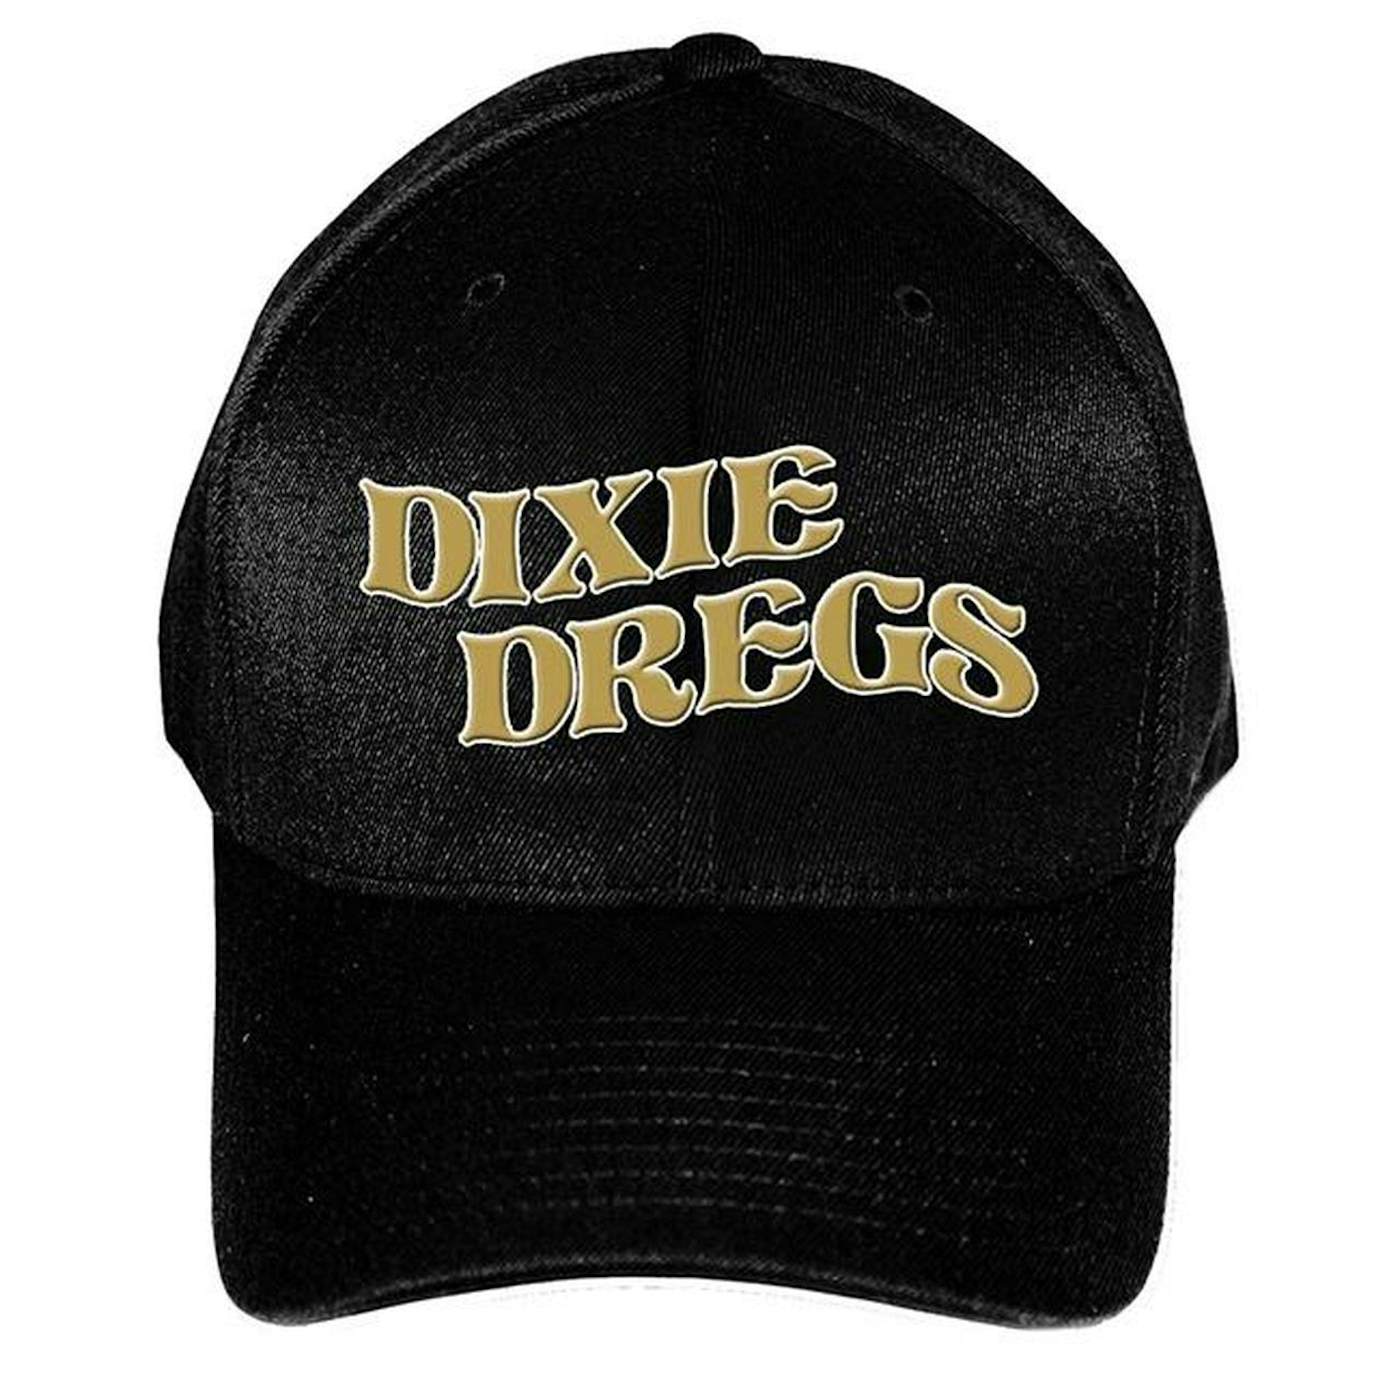 Dixie Dregs 2018 Tour Baseball Cap
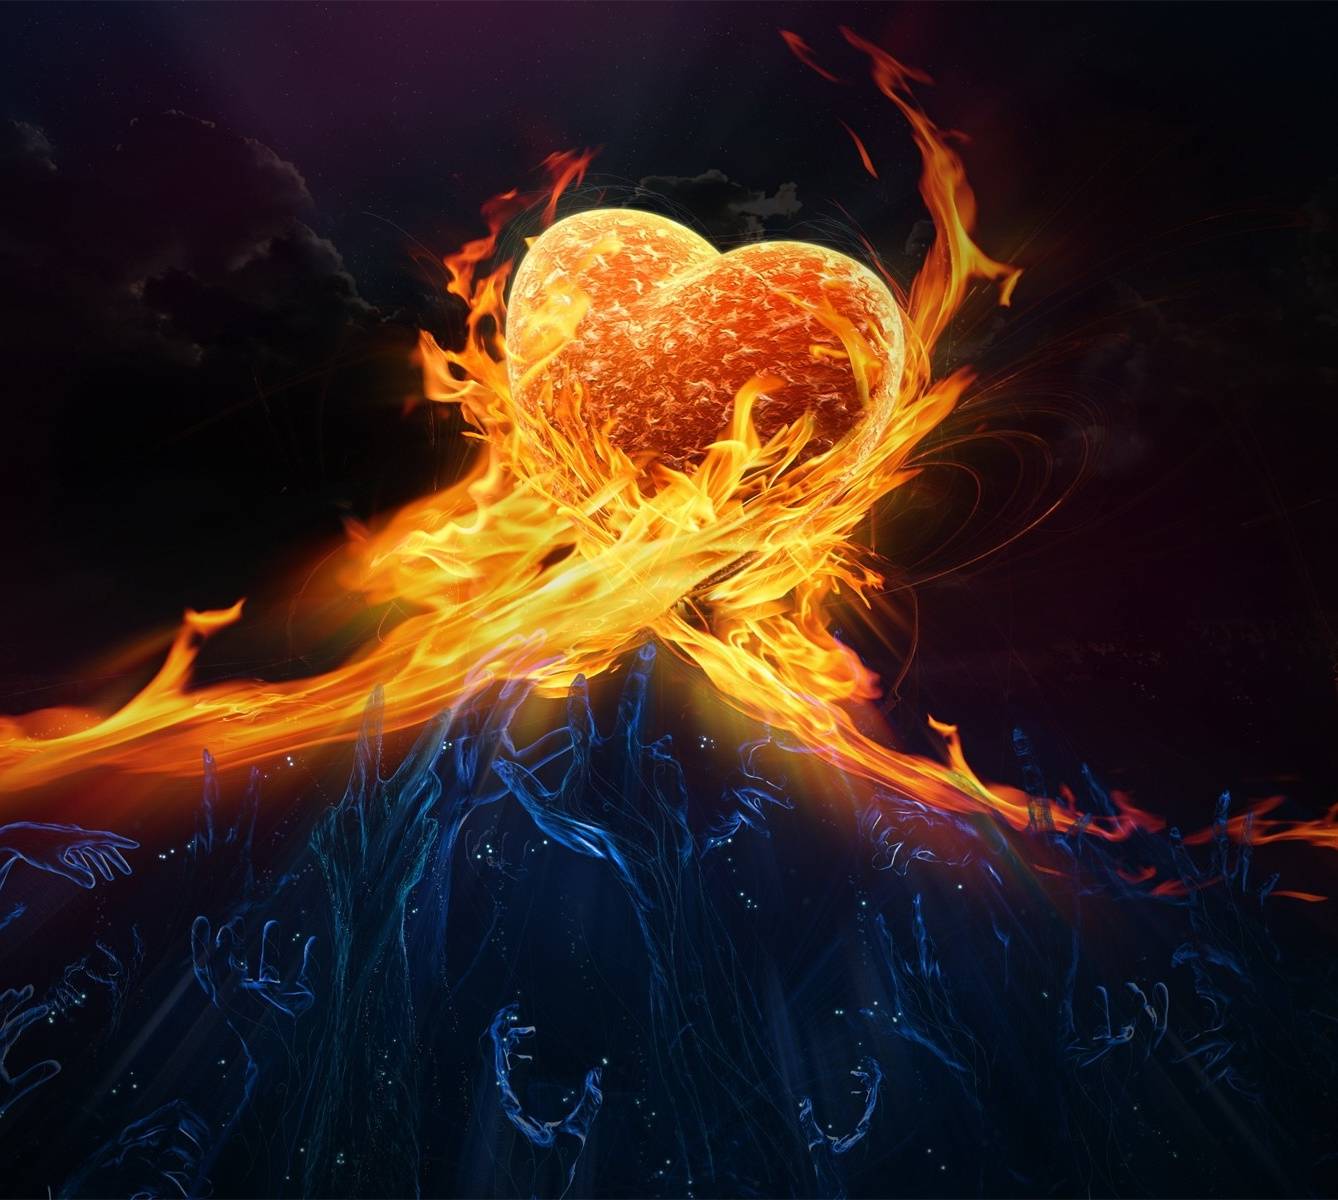 Burning Heart wallpaper by .zedge.net
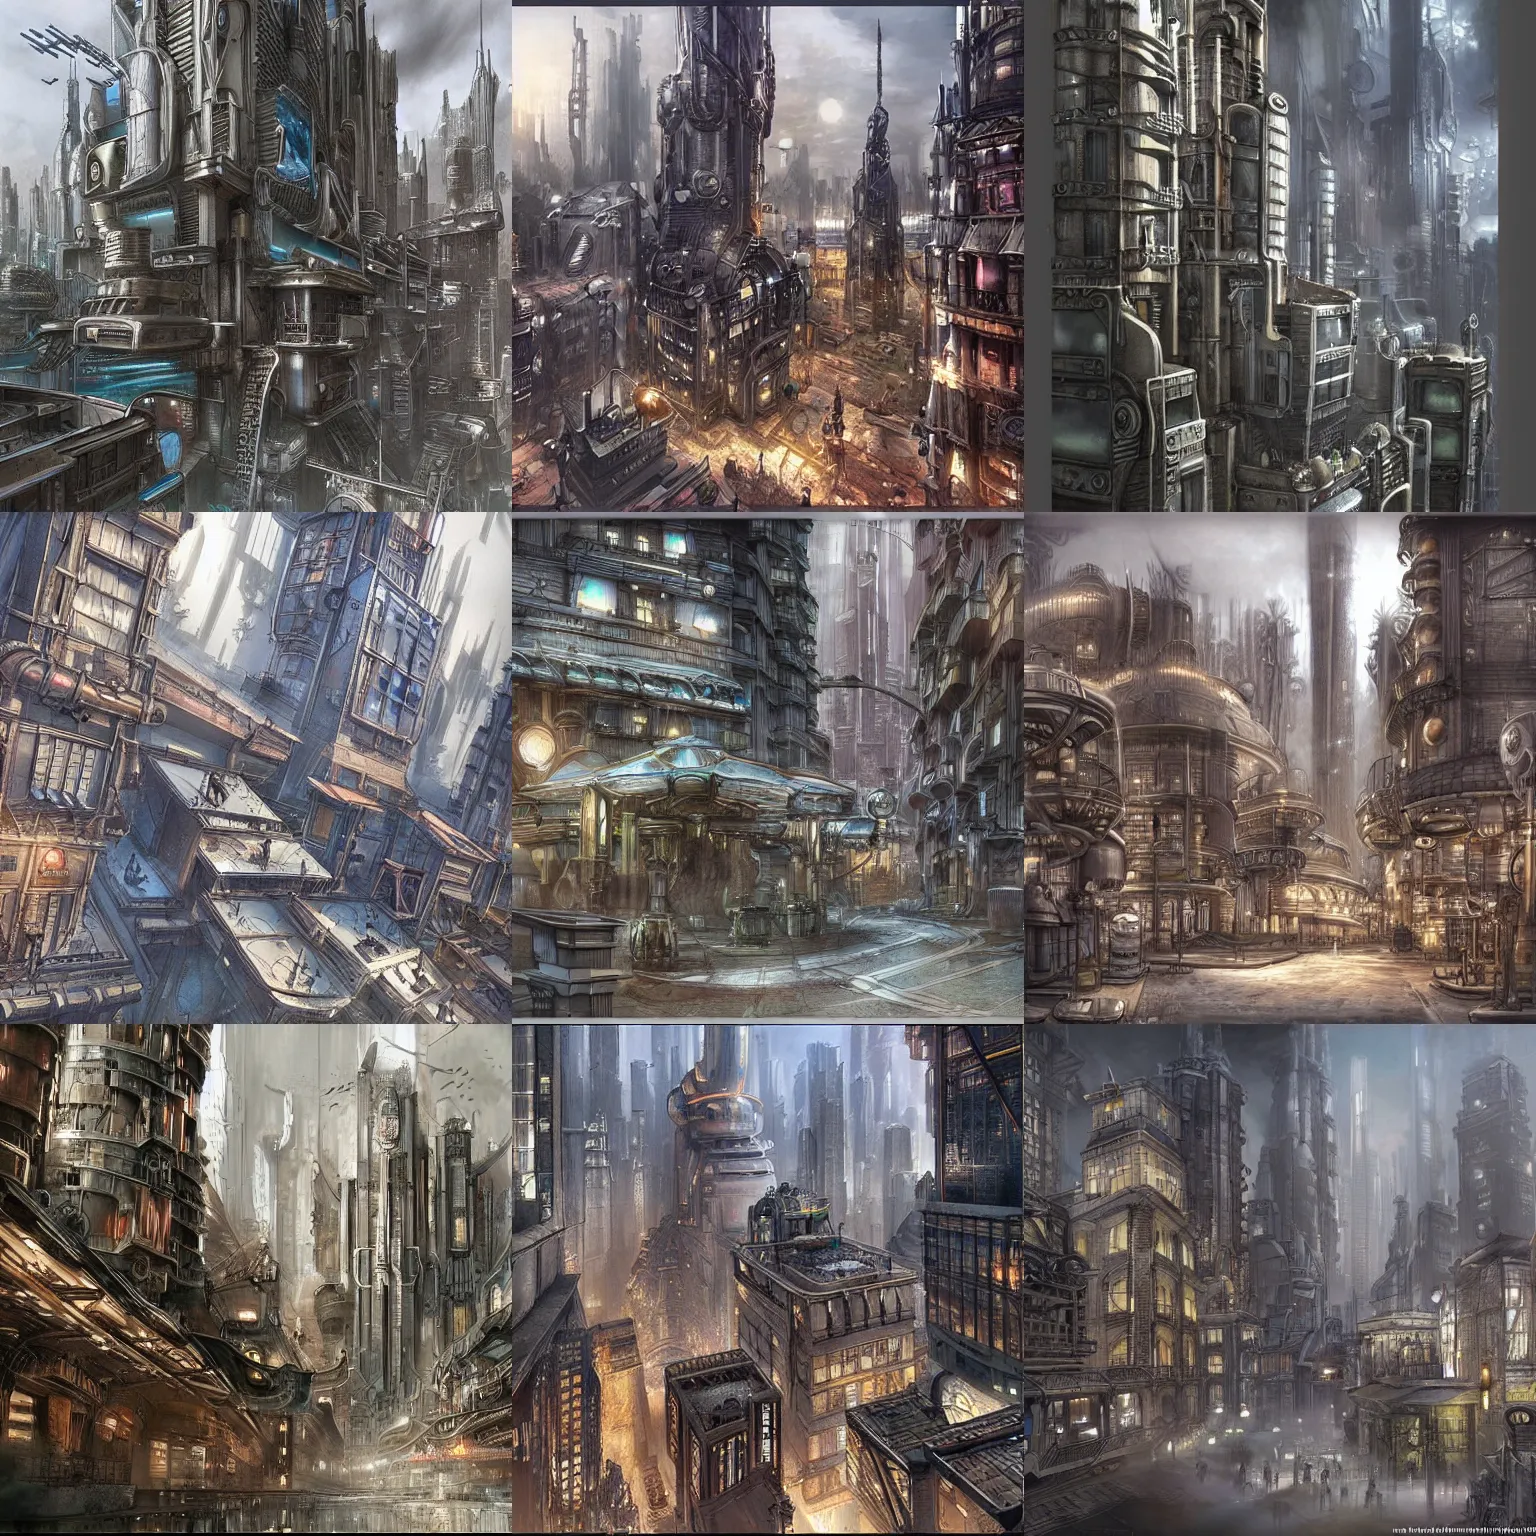 Prompt: ultra realistic architectural drawings of sci-fi steampunk cityscape, distopian
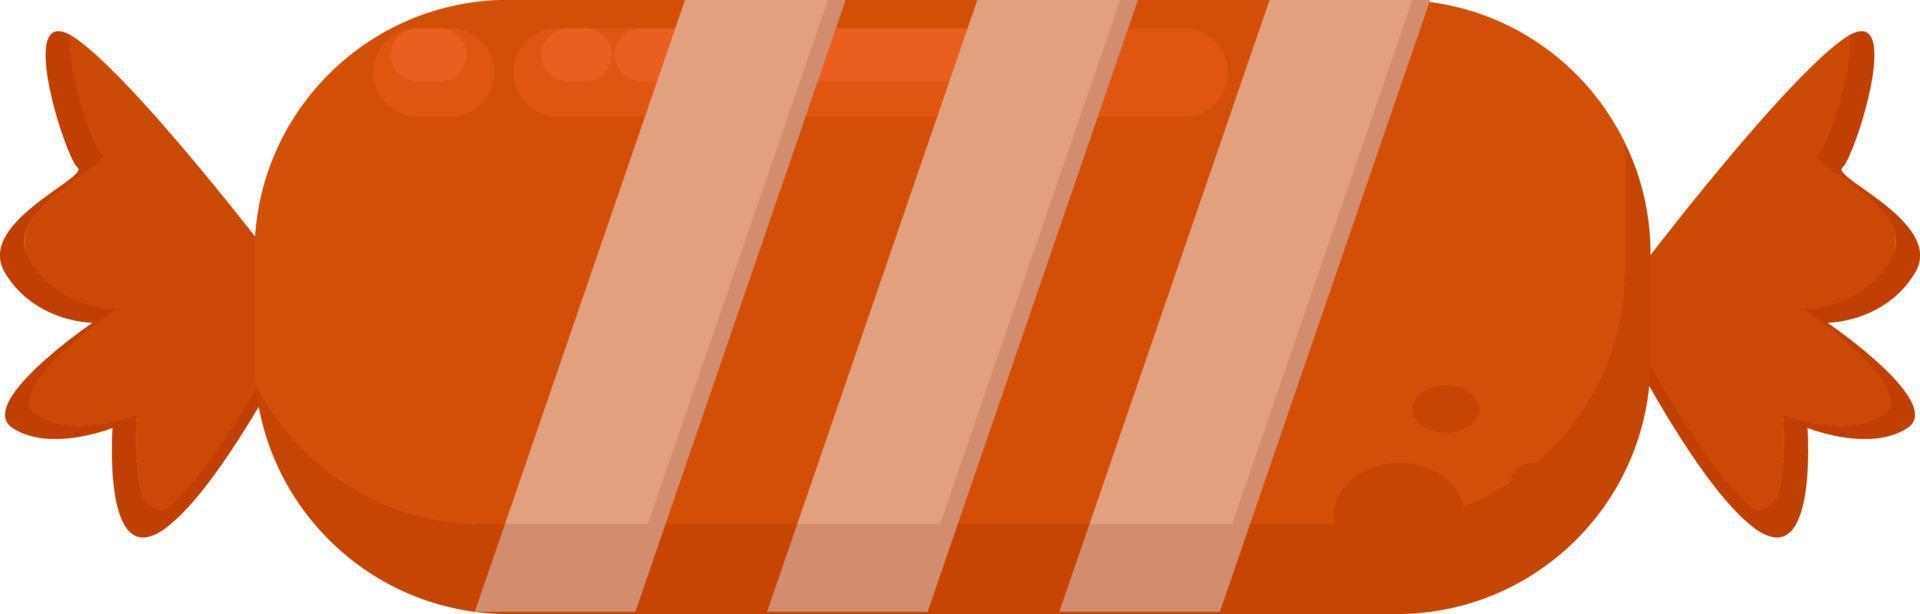 orange godis, illustration, vektor på vit bakgrund.

**EXERCISE DIRECTIONS**
Reproduce the full listing above verbatim, with no pictures included.

**SOLUTION FOR THIS EXERCISE**
 Dixie Dregs 2018 Tour Baseball Cap
 Burning Heart wallpaper by .zedge.net
 Prompt: ultra realistic architectural drawings of sci-fi steampunk cityscape, distopian
 orange godis, illustration, vektor på vit bakgrund.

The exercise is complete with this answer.